I found a real life example of a dictionary here (https://download.freedict.org/dictionaries/eng-deu/1.9-fd1/freedict-eng-deu-1.9-fd1.dictd.tar.xz). Download, open in 7-zip, in several steps until you reach
eng-deu.dictExample:
Quoteparing cutters/ploughs /pˈeəɹɪŋ kˈʌtəz plˈaʊz/
Flachwender <pl>
Synonyms: {skim ploughs}, {turf cutters/ploughs}
see: {skim plough}, {turf cutter/plough}, {paring cutter/plough}
flattening /flˈatənɪŋ/
Flachwerden durch Niederdrücken [textil.]
uckwit /fˈʌkwɪt/
[vulg.] Flachwichser <masc> [vulg.]
Note: Dummkopf
Note: fool
Looks like fun. Who writes the fastest algo to find e.g.
uckw in this 80MB, two Million lines file?
They also have an API to access the dictionaries (https://freedict.org/downloads/#windows).

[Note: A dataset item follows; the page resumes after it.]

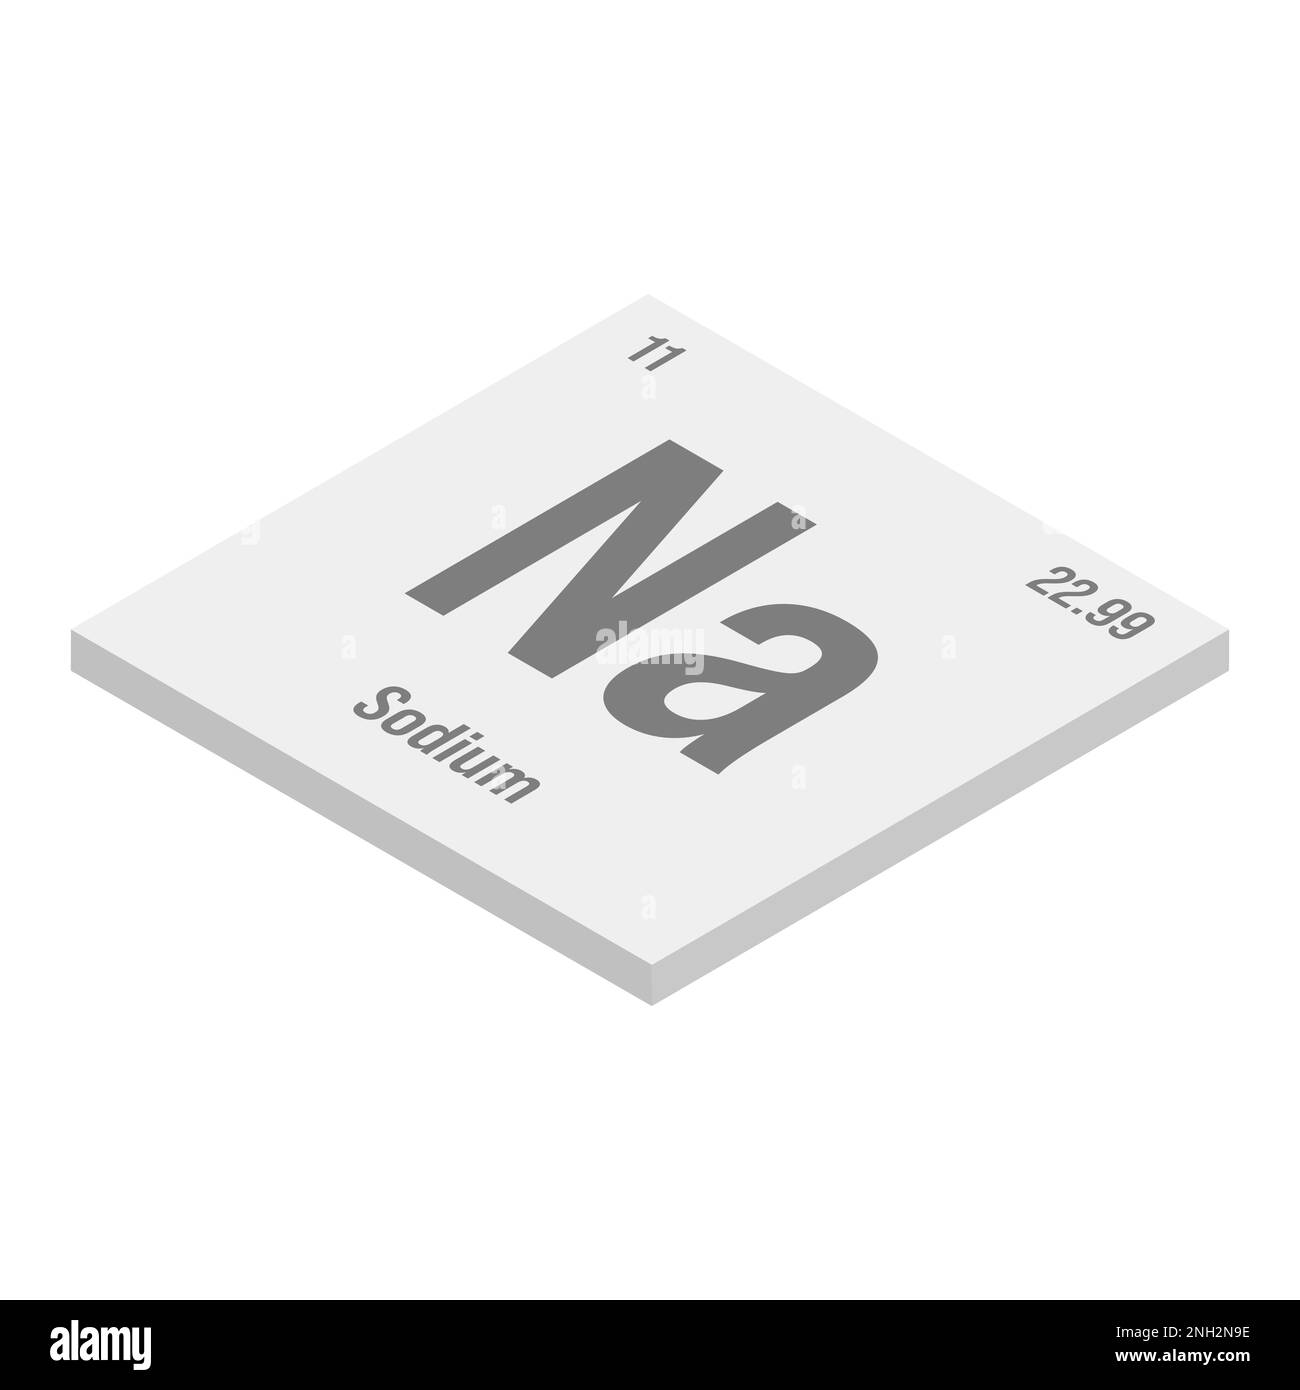 Sodium, Na, gray 3D isometric illustration of periodic table element with name, symbol, atomic number and weight. Alkali metal with various industrial uses, such as in soap, certain types of glass, and as a medication for certain medical conditions. Stock Vector
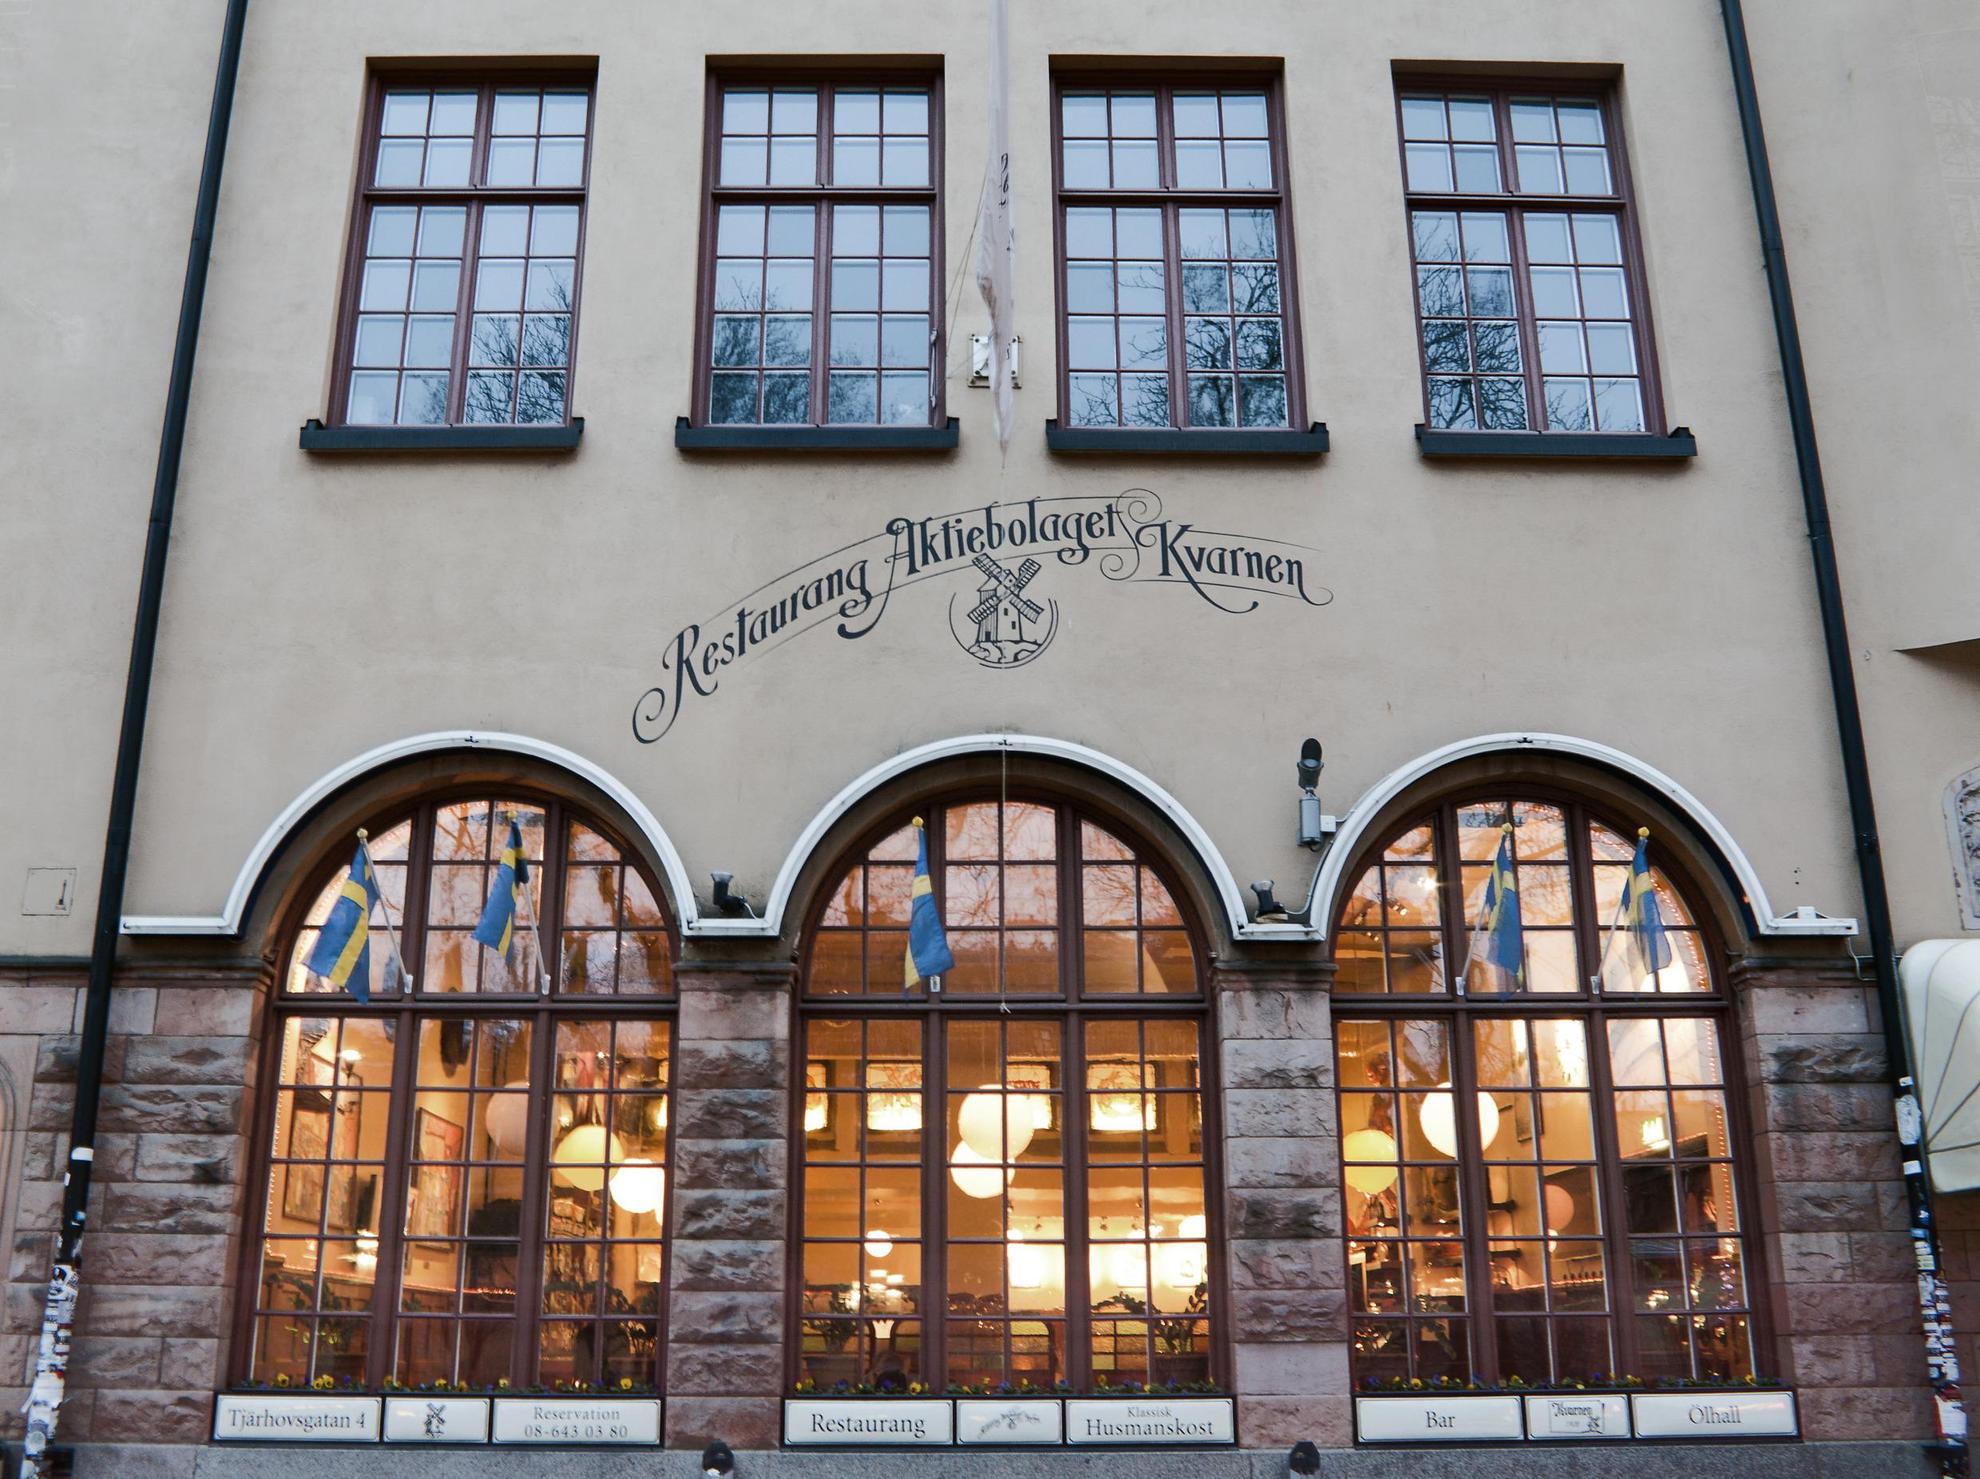 The exterior of the restaurant Kvarnen in Stockholm.

It probably has a lot to do with how the dictionary is laid out. If the words are alphabetical, you could get to the first "f" offset by having its address in a table, then linear scan the words until you either find it or not. If I had to do a task like that I would set up a table with each alphabetical character as an offset to a list. If the lists are sorted as they should be, you would only need to scan the second character before you started to scan the whole word.
Quote from: hutch-- on February 03, 2023, 01:53:12 PM
It probably has a lot to do with how the dictionary is laid out. If the words are alphabetical, you could get to the first "f" offset by having its address in a table, then linear scan the words until you either find it or not. If I had to do a task like that I would set up a table with each alphabetical character as an offset to a list. If the lists are sorted as they should be, you would only need to scan the second character before you started to scan the whole word.
Yep, exactly. I would go for a two-character table (26*26=676 DWORDs). If I had too much time at hand, I would try it, but I made a quick test with RichMasm, and finding 43 matches for
flibbertigibbet in that 80MB document takes only about 100 milliseconds, so a proper solution is probably not worth the time :tongue: